At 9:54 AM -0800 2/1/02, Cliff Click wrote:
>Bill Pugh wrote:
>Yes it bothers me, but not a lot. You published a bogus Foo. Anything
>that touches this bogus Foo is now Bogified (TM). You and your program
>will be shot at dawn. :-)
>
>Cliff
>
No, you've got it reversed. Under the current version of our
semantics, the compiler would not be able to perform that
optimization. If a thread loads both a proper reference to a Foo and
a Bogified reference to that same Foo, the Bogified reference does
_not_ taint the proper reference to the Foo.

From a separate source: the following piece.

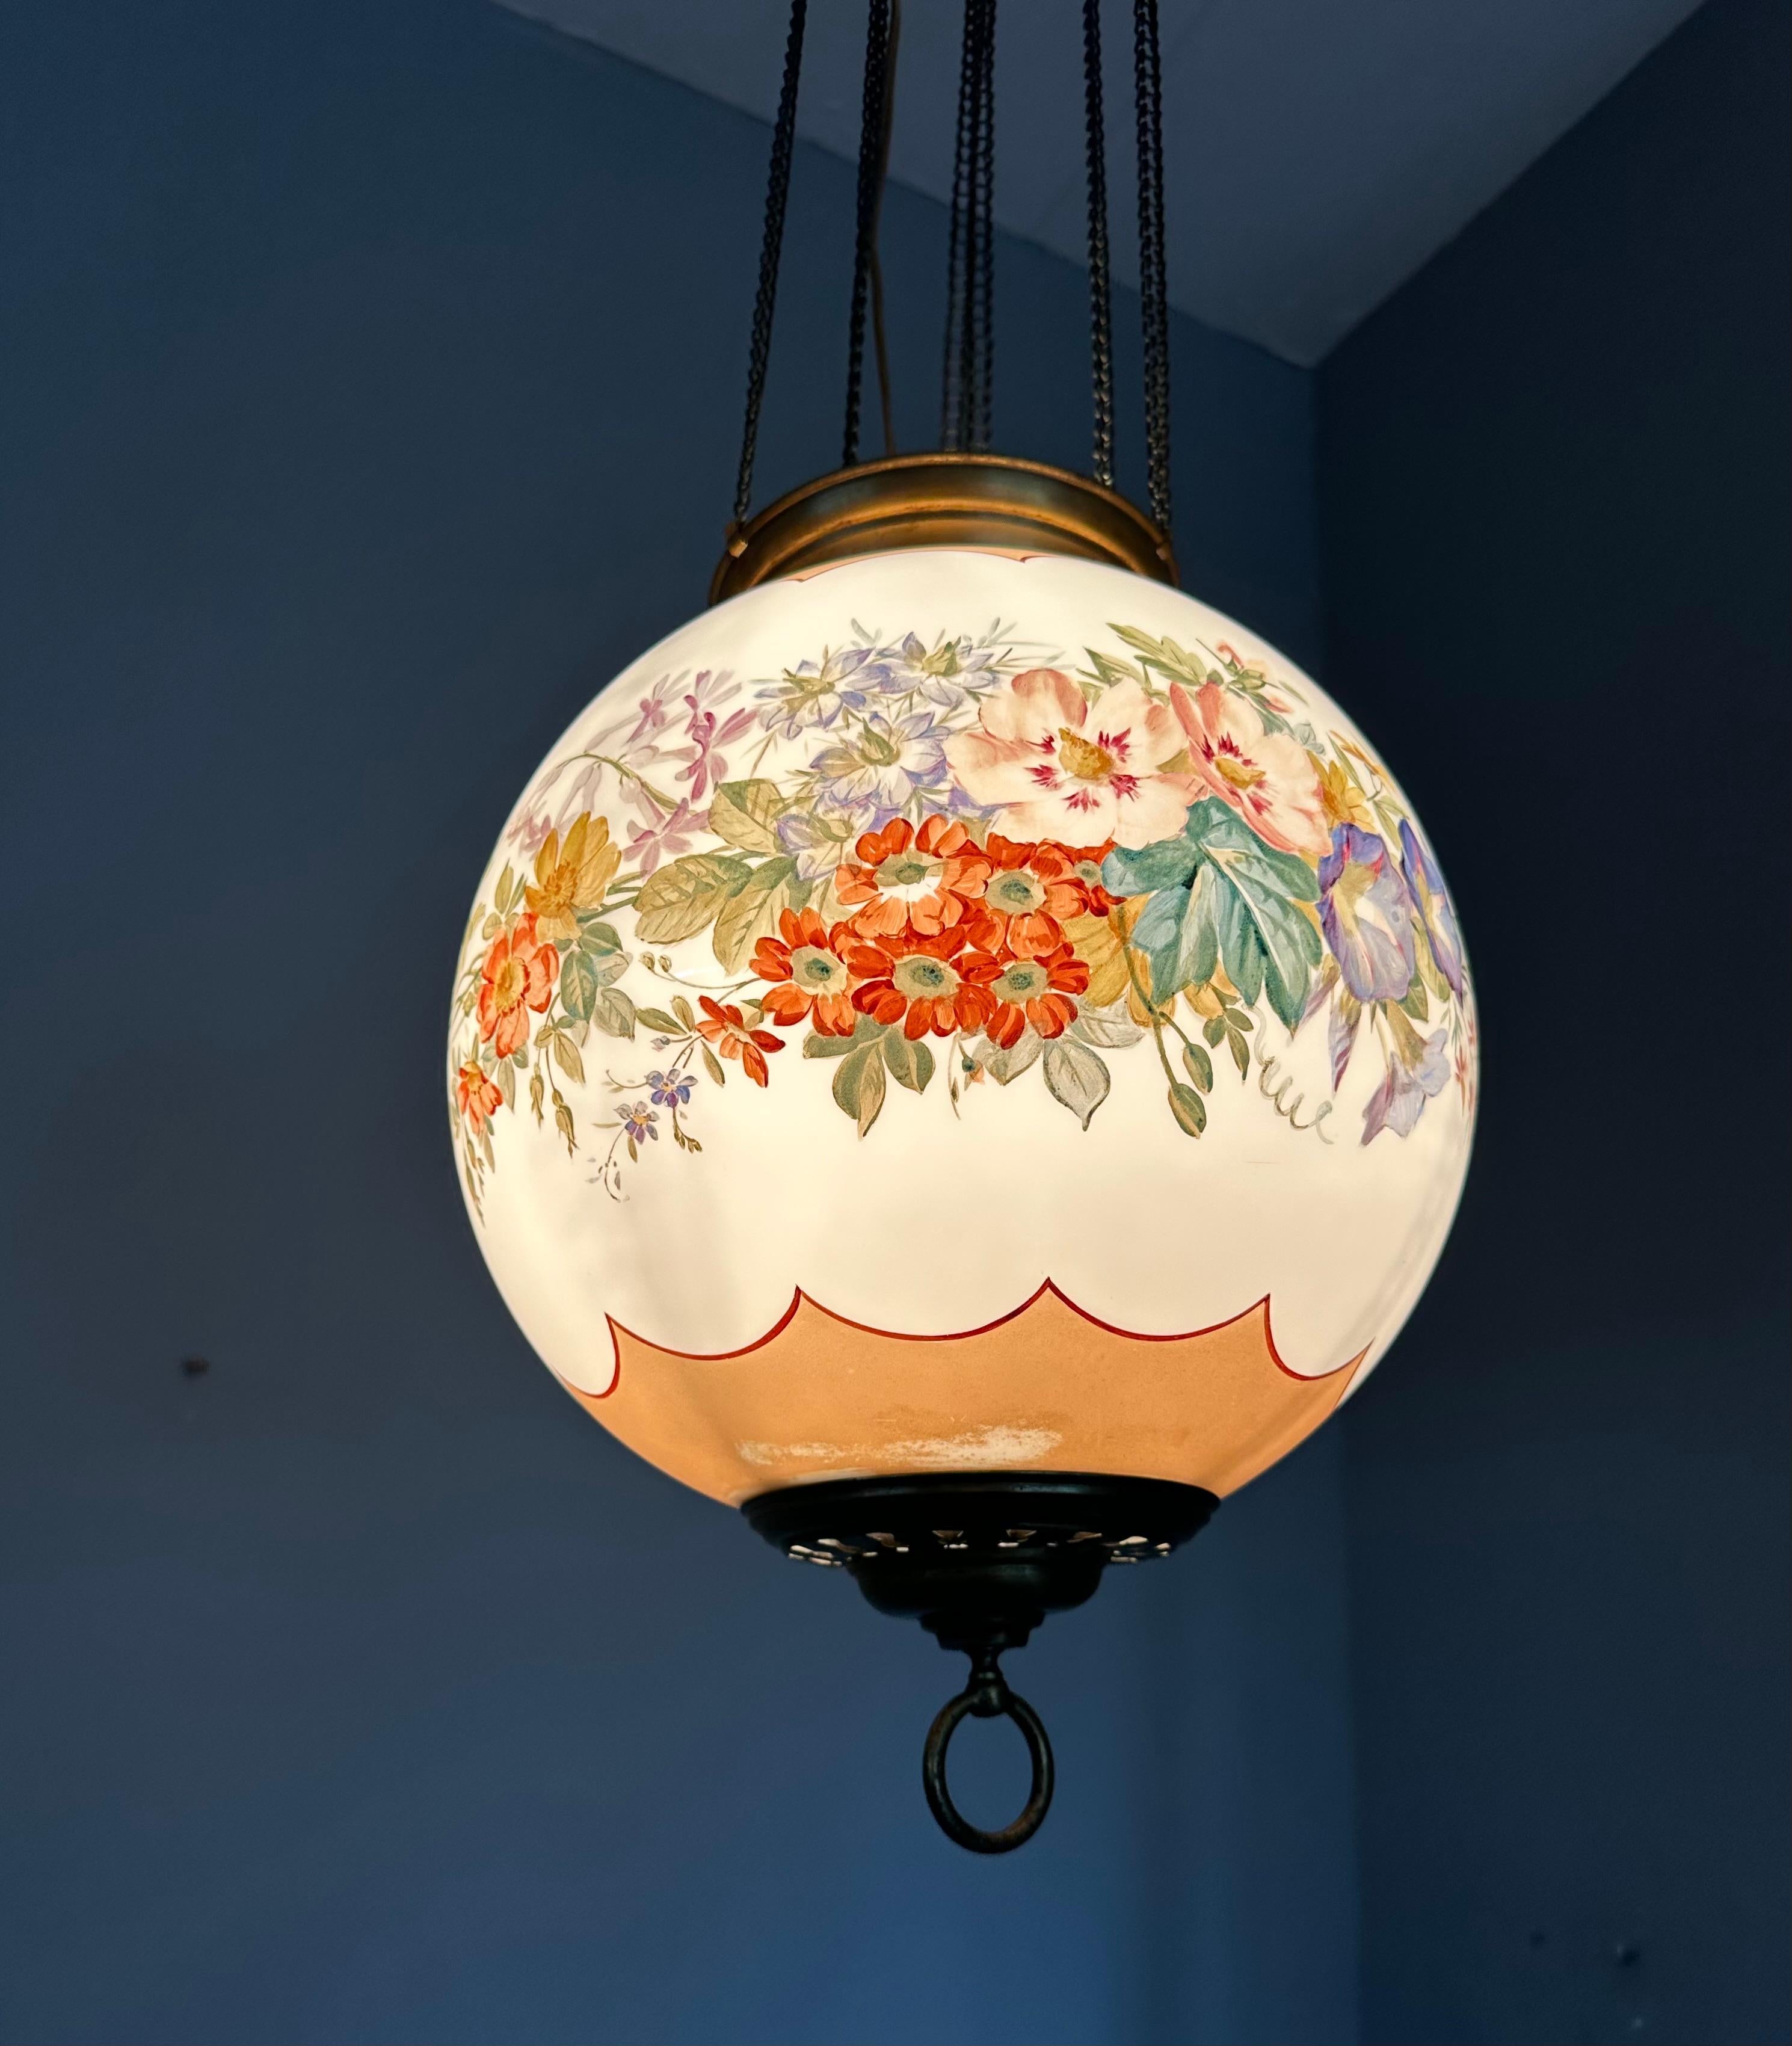 Antique Round Opaline Glass Shade Pendant Light with Wreath of Flowers Decor For Sale 7

The alternative would be to do it on a thread basis. To say that if a
thread T has loaded an improperly published reference to an object X,
all final fields of X are make pseudo-final for all accesses by
thread T, no matter which reference is used to access X.

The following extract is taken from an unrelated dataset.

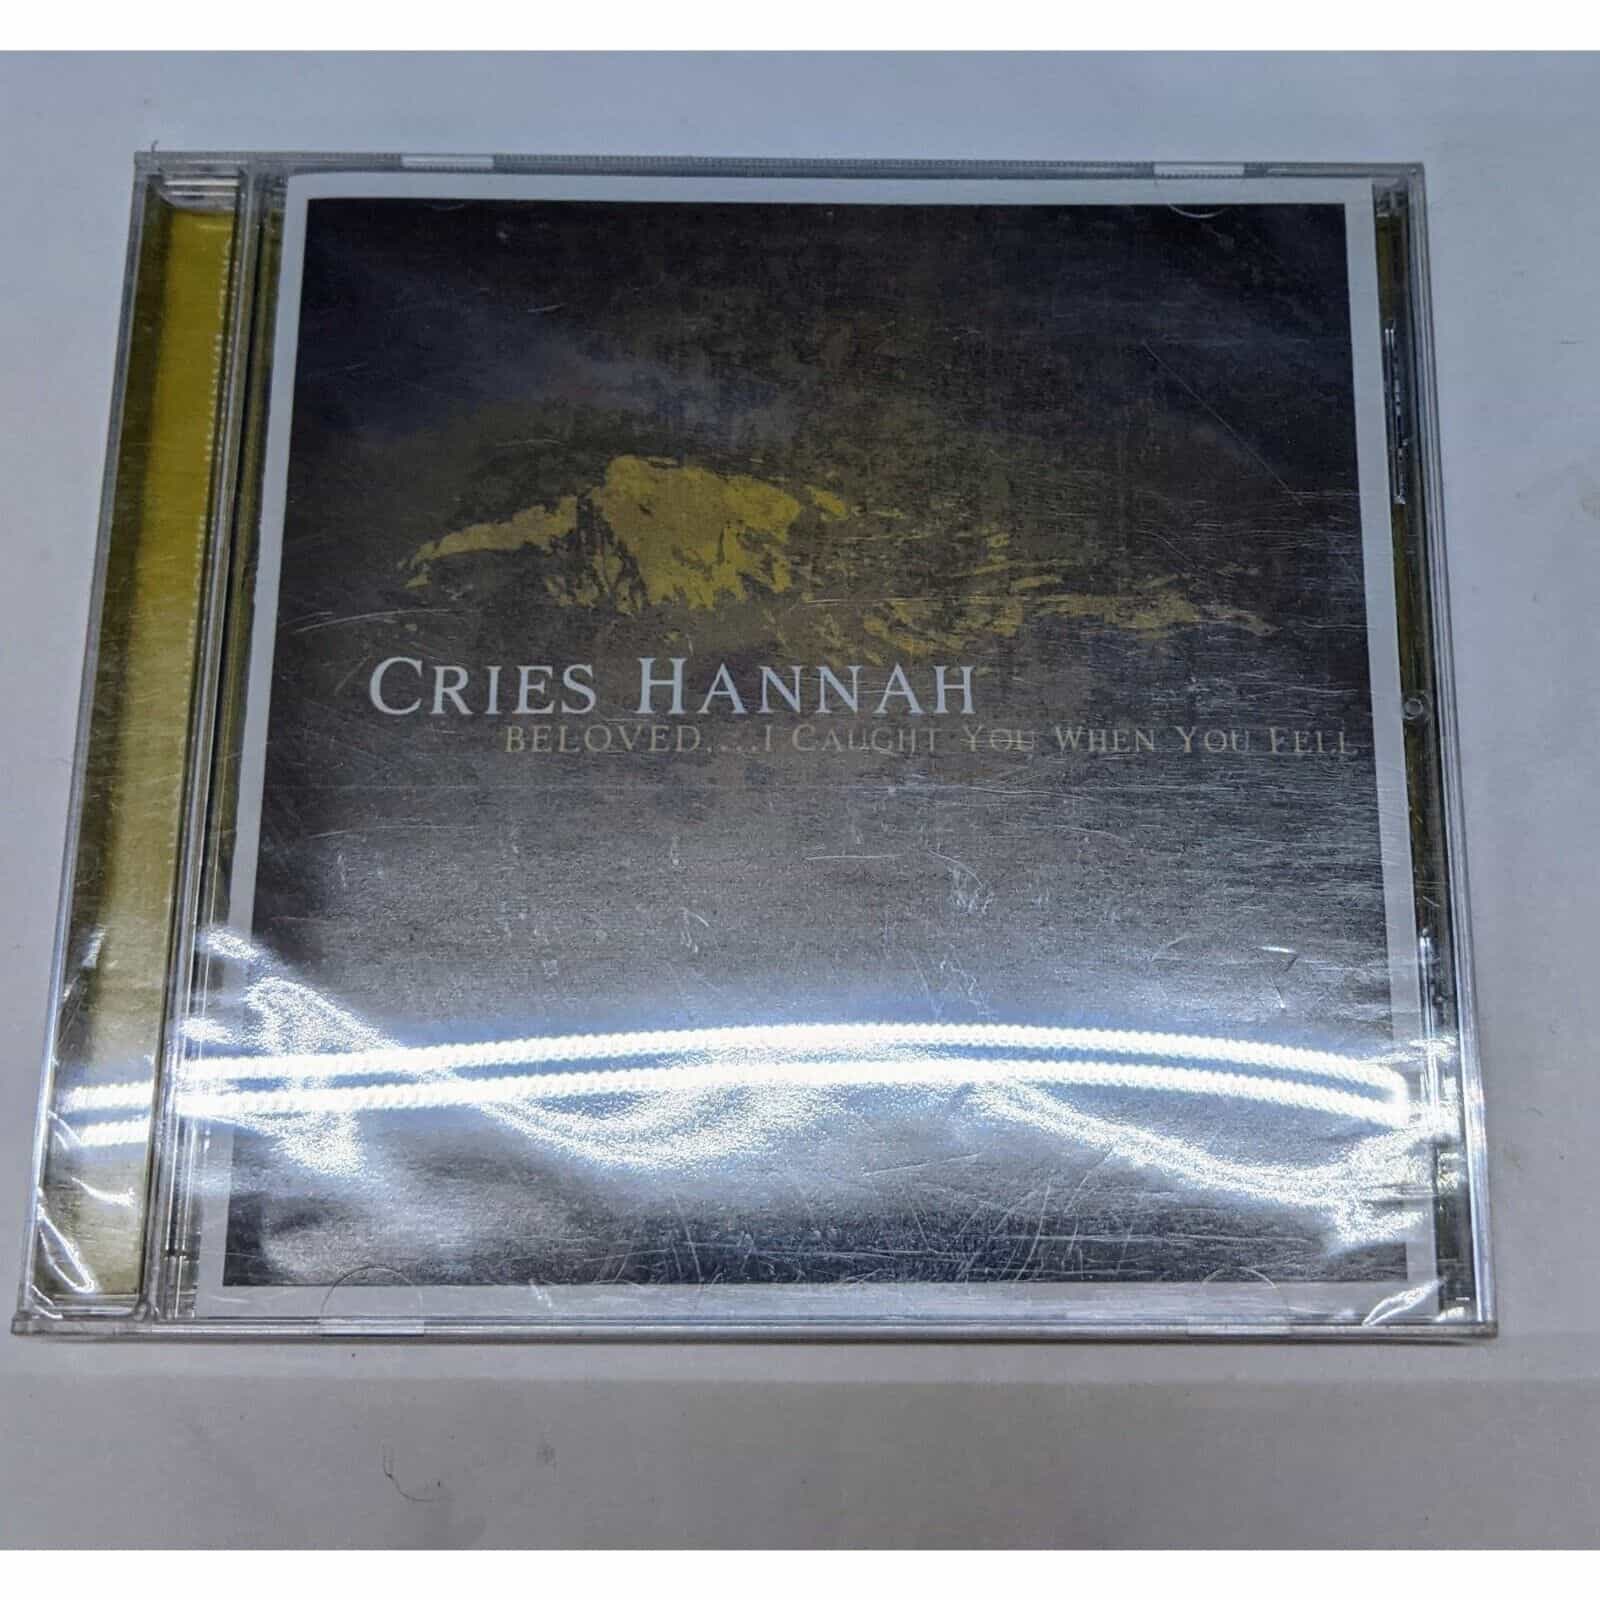 Beloved…I Caught You When You Fell by Cries Hannah Music Album

In addition to requiring us to change our semantics, this thread
contamination has a number of unfortunate effects:
* adding an unused read isn't idempotent. Right now, if you take a correctly
synchronized program and add some incorrectly synchronized reads (perhaps
for debugging purposes), the original reads/writes are not effected
by the additional reads.
* Datarace bugs aren't local. Some piece of code that you have no
relation to or
interaction with may have loaded the Bogified reference to Foo. Now your
code, even though it always using properly published references to Foo's,
is tainted.
So I'm not thrilled by the fact that the compiler will be constrained
to avoid the transformation I showed earlier, I think it is better
than allowing the transformation and having a model which makes it
harder to write reliable multithreaded software.